Gardner advocates the idea that Jesus did not actually die from his crucifixion, but revived and married Mary Magdalene, or they were already married during his lifetime.  He also reports alternative traditions such as the one that Mary Magdalene lived an ascetic life in the desert for 30 years after Jesus' ascension into the heavens.

Gardner provides some excellent historical information and comparative information from various other scholars and historical sources.  Originally something gave me the idea Gardner was a journalist.  I can't find any specific comment to that effect anywhere now.

Historical Fantasy
But in fact, he is apparently an actual historian, and has won awards and recognitions of various kinds for his work.  This really surprised me, because in fact, I was amazed at his cavalier attitude to the facts and details of the many subjects he deals with and connects in this extensive piece of literature.  In fact, the feeling I got was that he was manipulating the facts of various situations to make them fit his esoteric scenario, which seems to be a historical fantasy, not a real objective picture of history.  This volume is excellent science fiction, but he seems to be presenting it as serious historical research.

Gardner provides fascinating facts, bits of historiana, and cultural information.  He connects them, however, in unexpected ways, without clear documentation.  So when I re-read the cover information on the author, I was surprised to learn that he does seem to have some academic credentials.  He is even styled as a (British) constitutional historian.

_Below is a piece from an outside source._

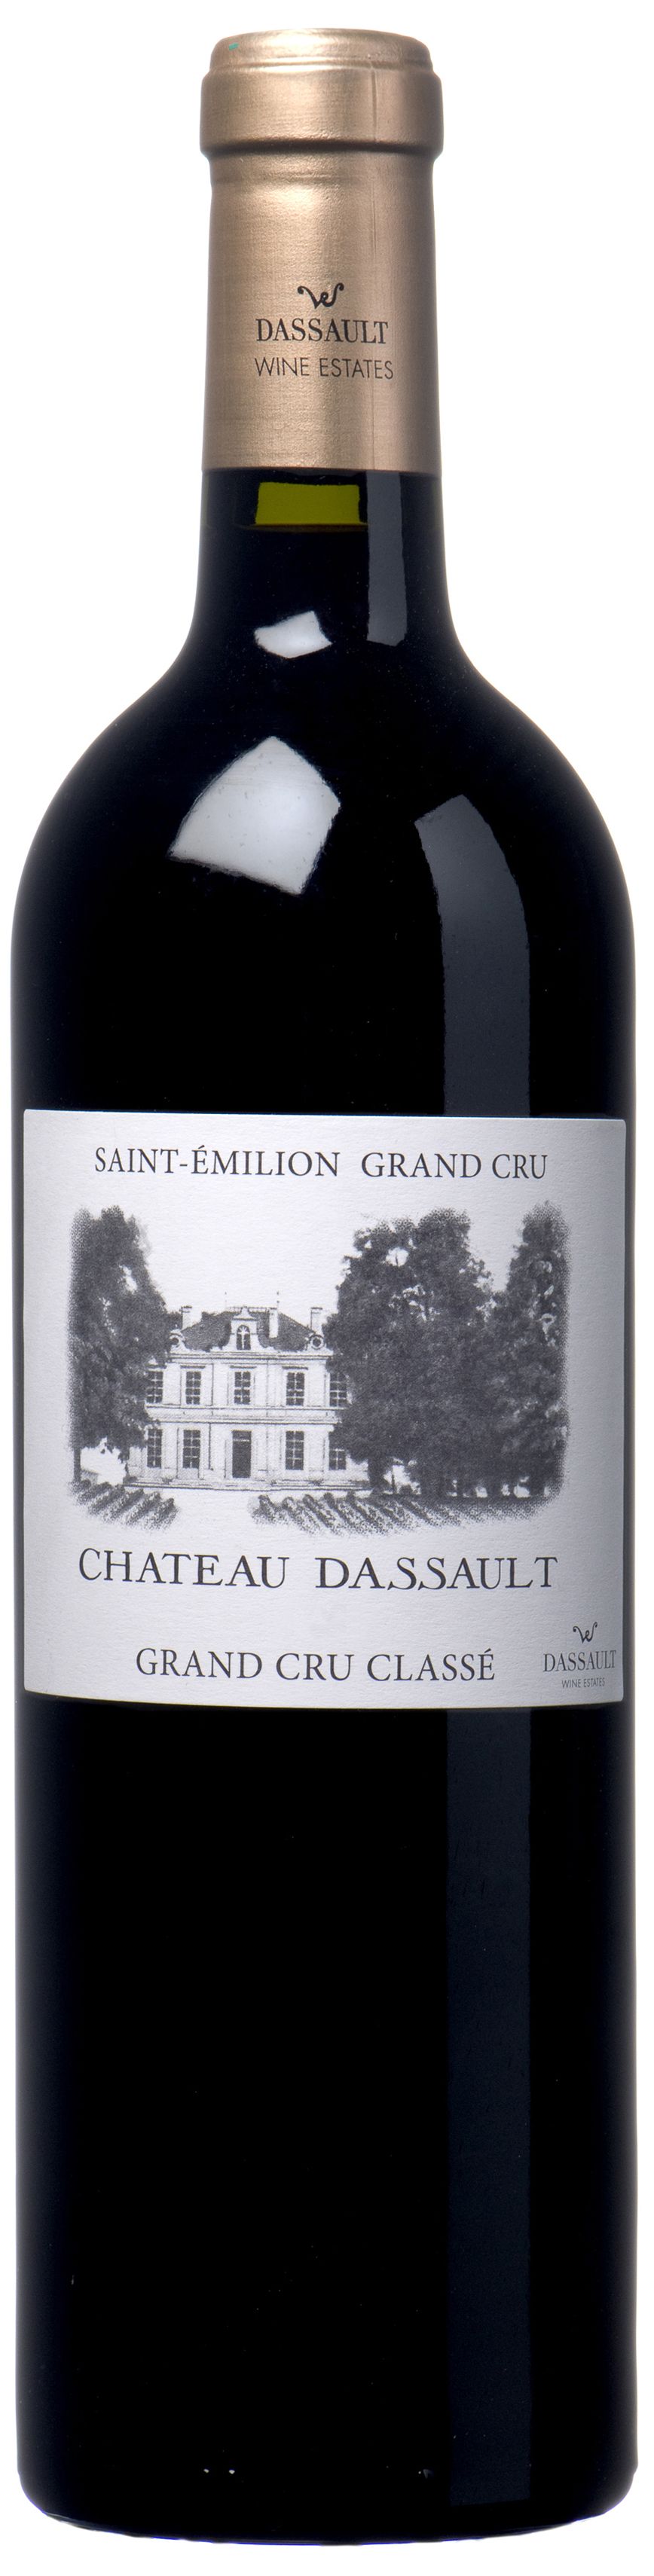 Chateau Dassault, 2005

But despite these recognitions, the writing style is journalistic.  Not investigative journalism, but tabloid, entertaining journalism.  He appears to write for a popular audience on this topic. He apparently is not directing his work to scholars, who could rip him to shreds on numerous grounds.  His breezy style makes for easy reading, but hides the levels of complexity he has glossed over.

Gardner has previously developed a full genealogy of the bloodline of Jesus, from his children by Mary Magdalene.  In The Magdalene Legacy Gardner has drawn together many recent threads of such thought from various recent authors, expanding and tying together the stories of the various historical figures he has included in the full genealogy of the bloodline of Jesus and Mary Magdalene.

Fast and Loose
His sweeping scenario often ignores anomalies and contradictions, as he claims to clarify the ones in the New Testament and official Roman Catholic traditions.  I notice, however, that he sometimes plays fast and loose with the facts, stating as definitive declarations some variation or interpretation of a less-than-clear point.  He is not consistent in the way he refers to and draws his support from various sources or clues.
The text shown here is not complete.